-- Exercise brief --
An exact copy of the listing below is required, minus its pictures.

-- Data shown --
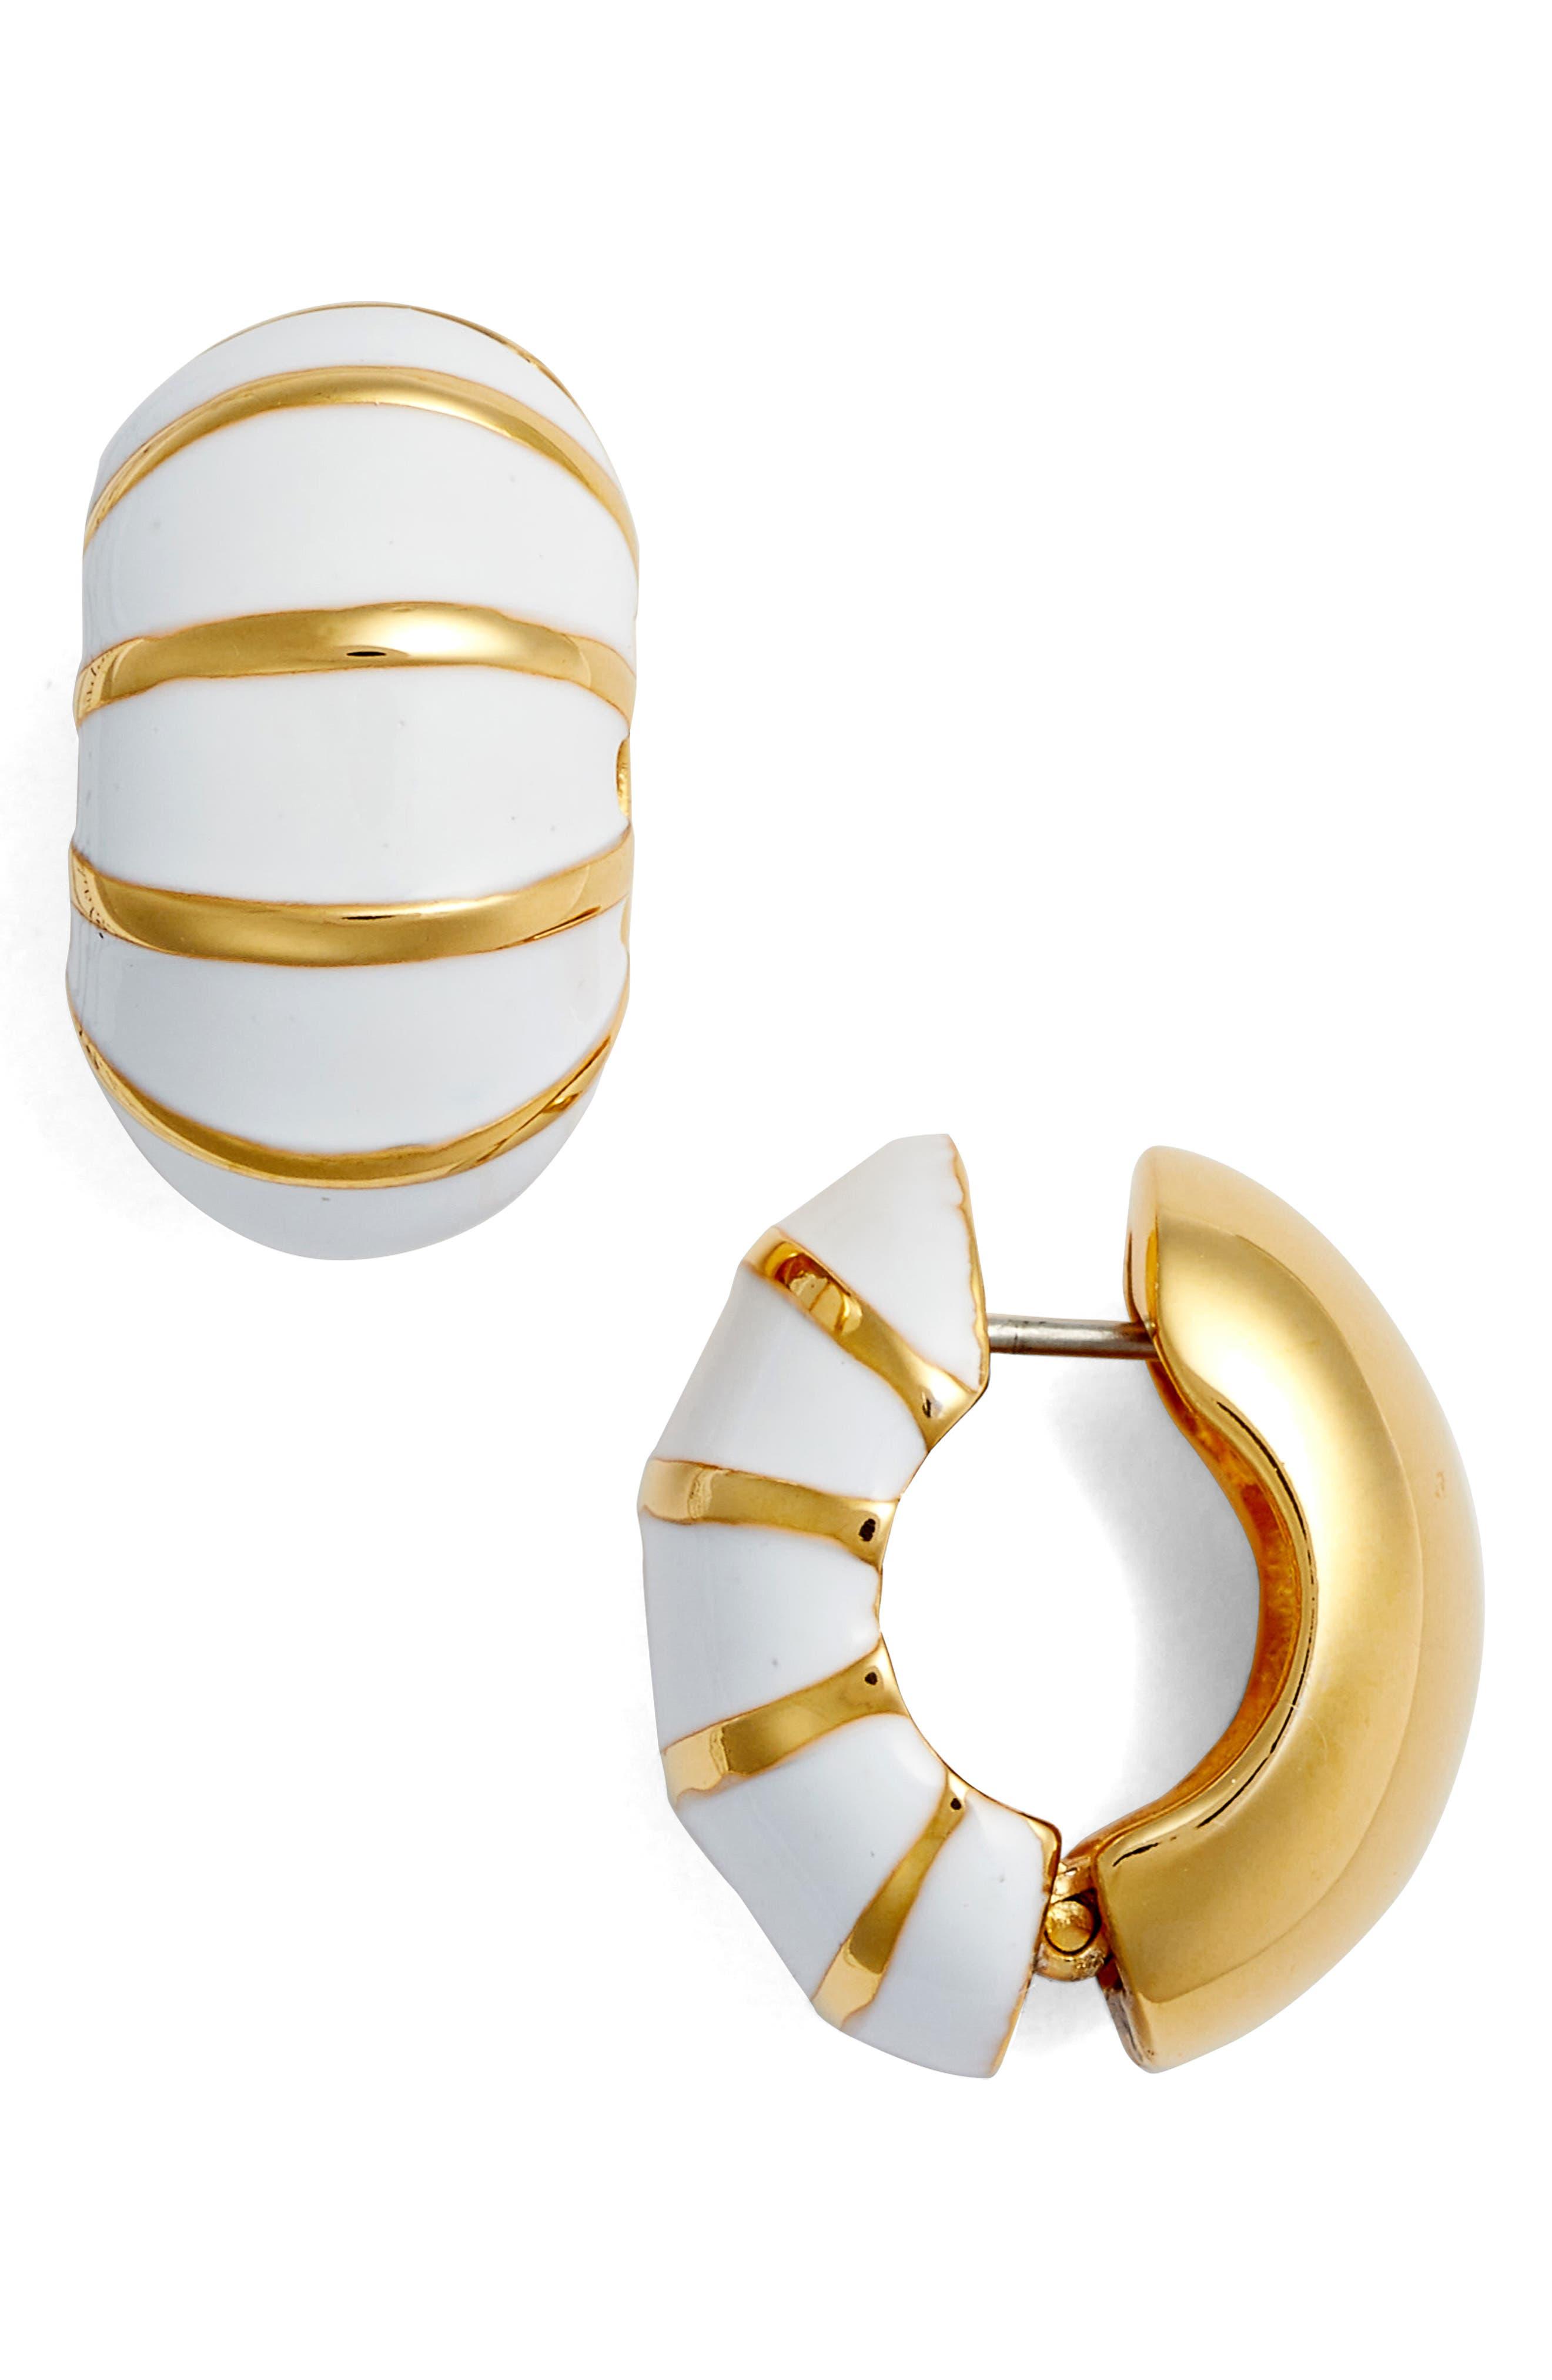 Goldtone & White Reversible Earrings,                             Main thumbnail 1, color,                             White/ Gold
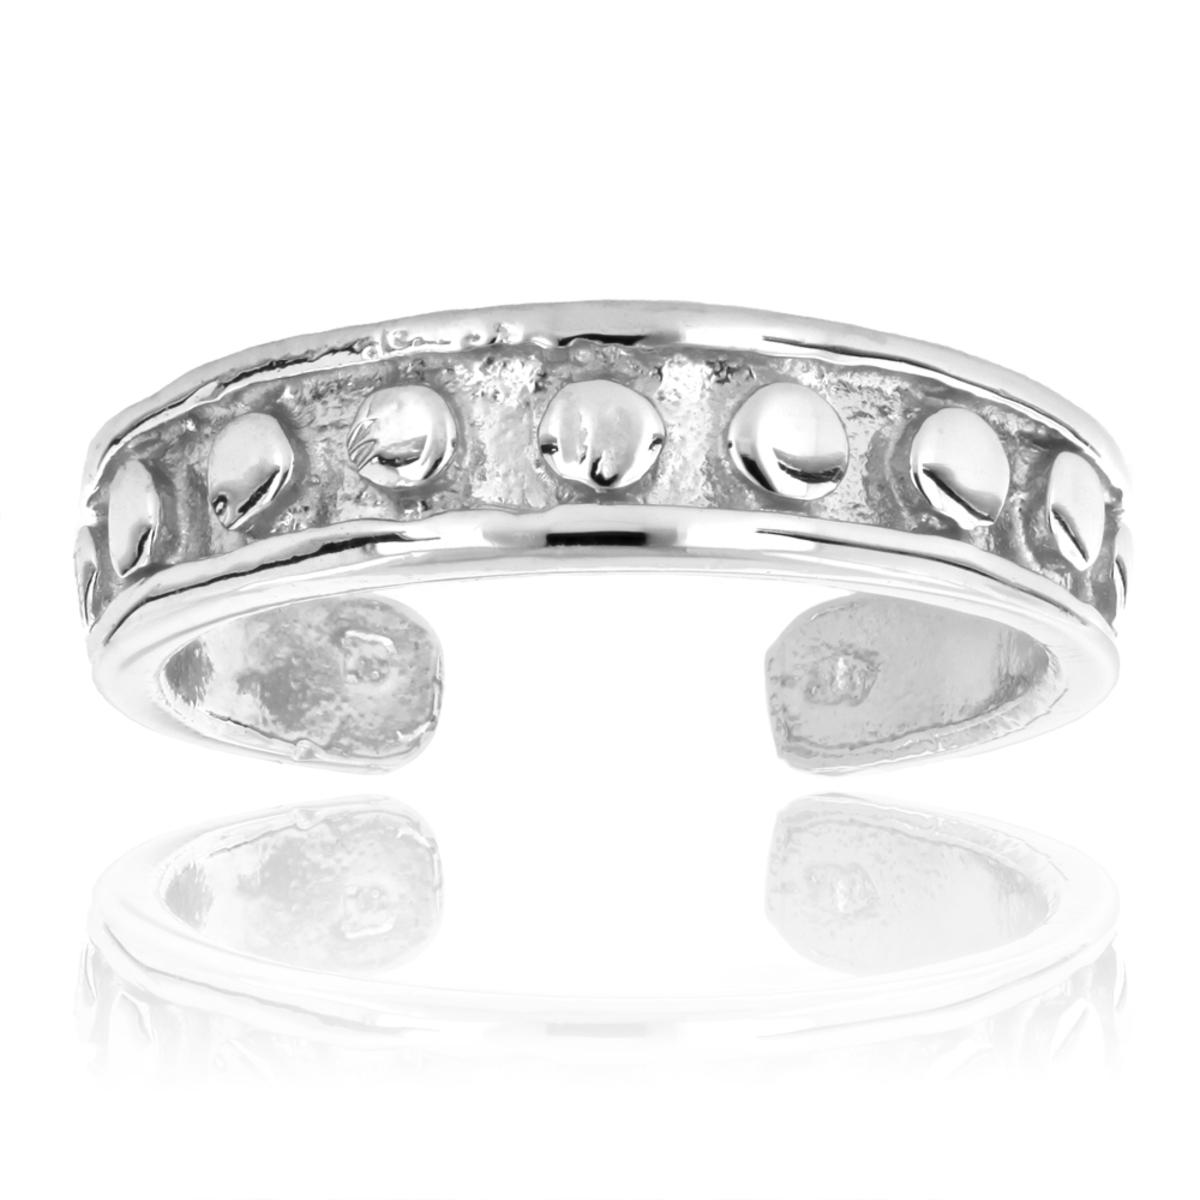 Thin Beautiful Toe Rings Adjustable 14K Solid Gold Toe Ring
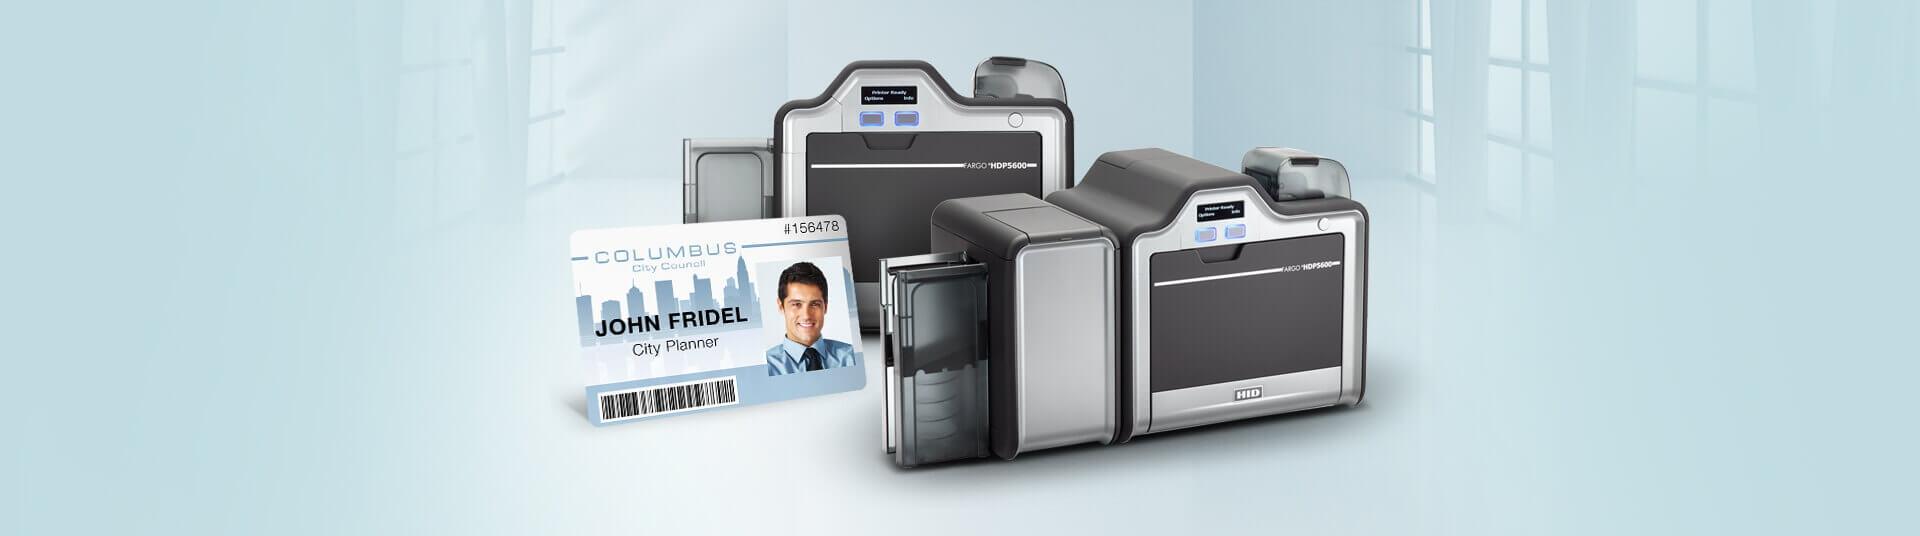 Fargo HDP5600 ID Card Printers
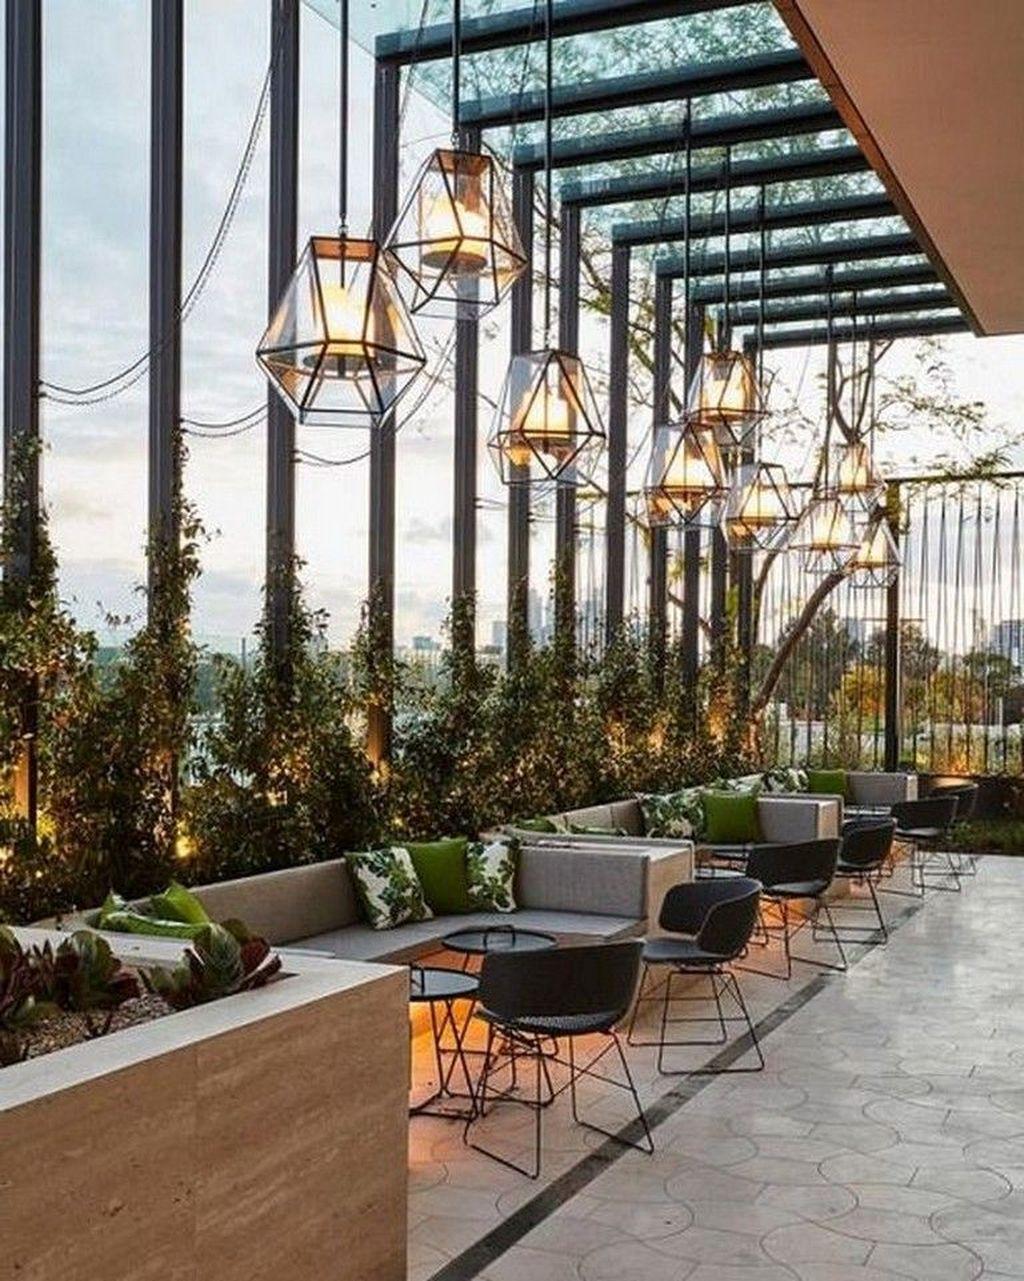 45 pretty outdoor restaurant patio design ideas for

-- Result --
 Goldtone & White Reversible Earrings,                             Main thumbnail 1, color,                             White/ Gold
 Thin Beautiful Toe Rings Adjustable 14K Solid Gold Toe Ring
 Fargo HDP5600 ID Card Printers
 45 pretty outdoor restaurant patio design ideas for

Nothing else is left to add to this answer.